Boeing to cut staff, plane output as pandemic batters airline industry
Boeing announced sweeping cost-cutting measures yesterday after reporting a first-quarter loss of US$641 million following the hit to the airline business from the coronavirus pandemic.
The aerospace giant plans to reduce its workforce by 10 percent through a combination of voluntary and involuntary layoffs and will slash production of its main commercial planes, including the 787 and 777, Chief Executive David Calhoun said in a message to employees that accompanied an earnings release.
“The aviation industry will take years to return to the levels of traffic we saw just a few months ago,” Calhoun said. “We have to prepare for that.”

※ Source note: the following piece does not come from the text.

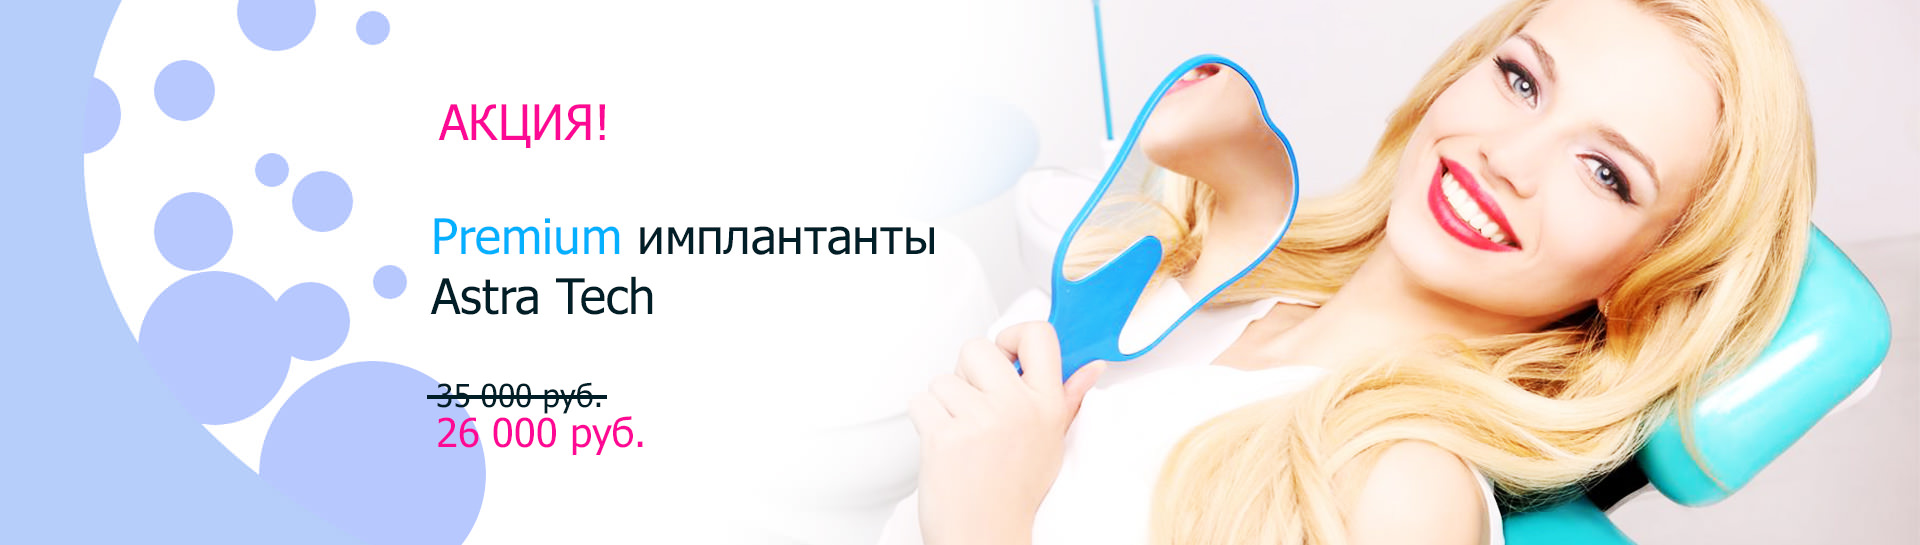 https://denta-maryino.ru/wp-content/uploads/Astra.jpg 1x, https://denta-maryino.ru/wp-content/cache/thumb/31/975495da361d331_1320x545.jpg 1320w

Calhoun said the job cuts would be deeper — more than 15 percent — in commercial airplanes and services, as compared with defense and space systems, where the business has been more stable.

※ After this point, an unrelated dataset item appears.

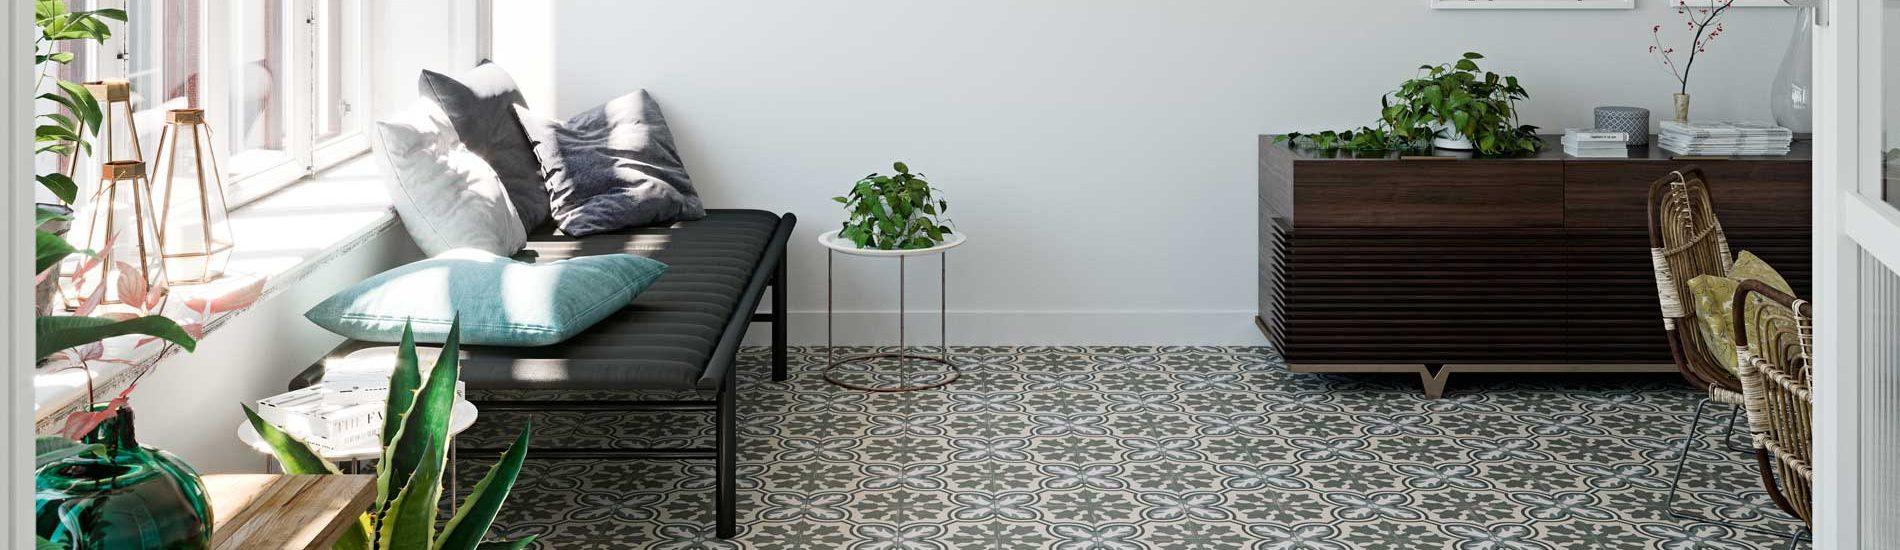 banner-tango-cement-deco-look-tile-spanish-aparici-apavisa

The quarterly loss of $641 million compared to profits of $2.1 billion in the year-ago period. Revenues fell 26.2 percent to US$16.9 billion.

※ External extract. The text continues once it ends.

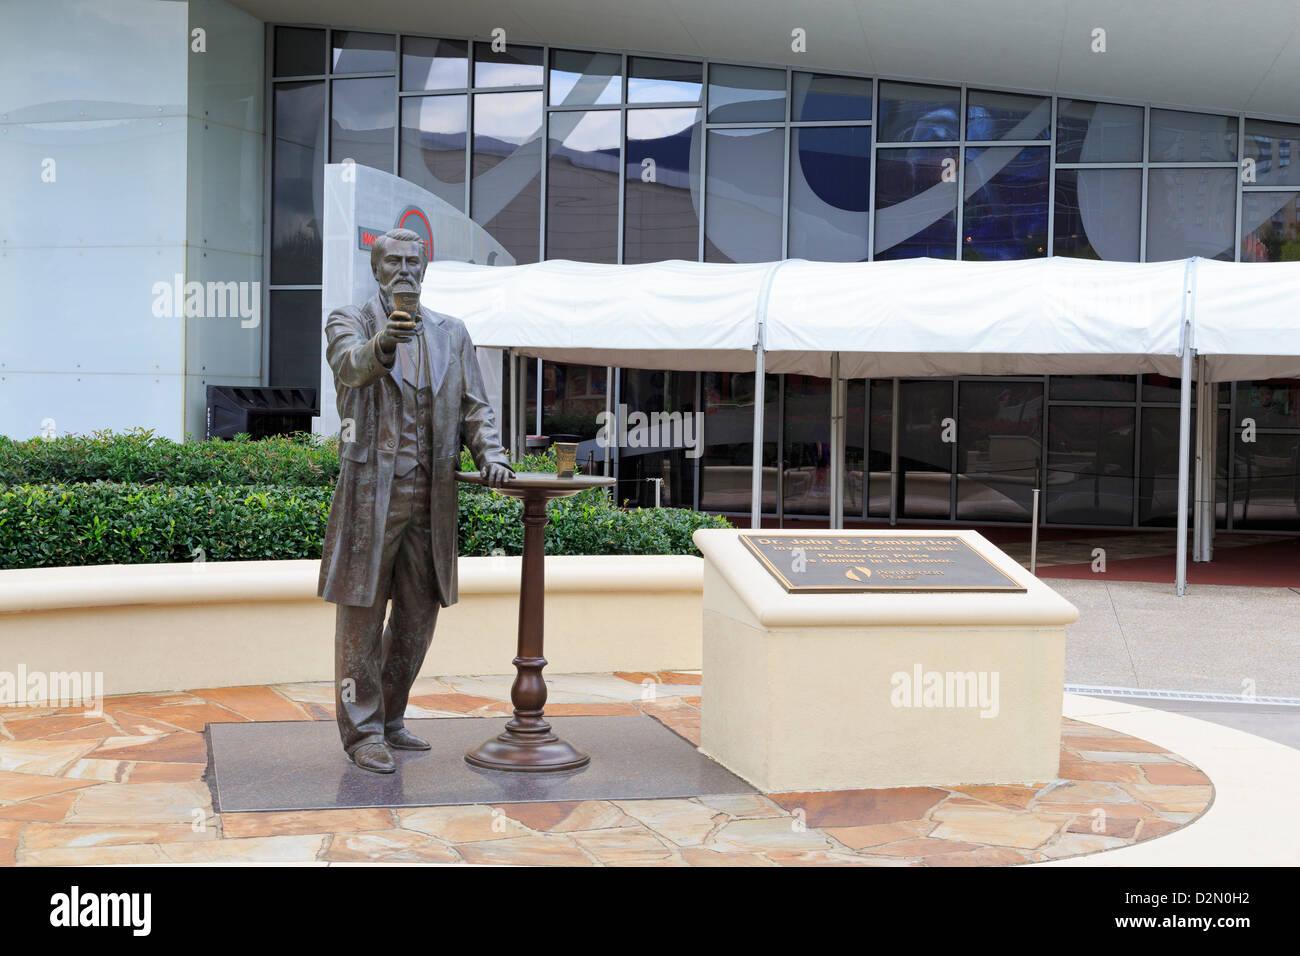 Dr. John Pemberton statue, World of Coca Cola, Pemberton Park, Atlanta, Georgia, United States of America, North - Stock Image

Total debt at the end of the quarter was US$38.9 billion, up from US$27.3 billion at the end of December.
Calhoun said the belt-tightening was needed to maintain adequate liquidity at a time its revenues are depressed, adding that the company is “exploring potential government funding options” in the wake of COVID-19.
Boeing has previously called for US$60 billion in government support for the US aerospace industry. Federal relief legislation includes US$17 billion aimed at Boeing. Calhoun has previously balked at the idea of the US taking a stake in Boeing.
Boeing said the pandemic crisis has hit demand for new planes and services.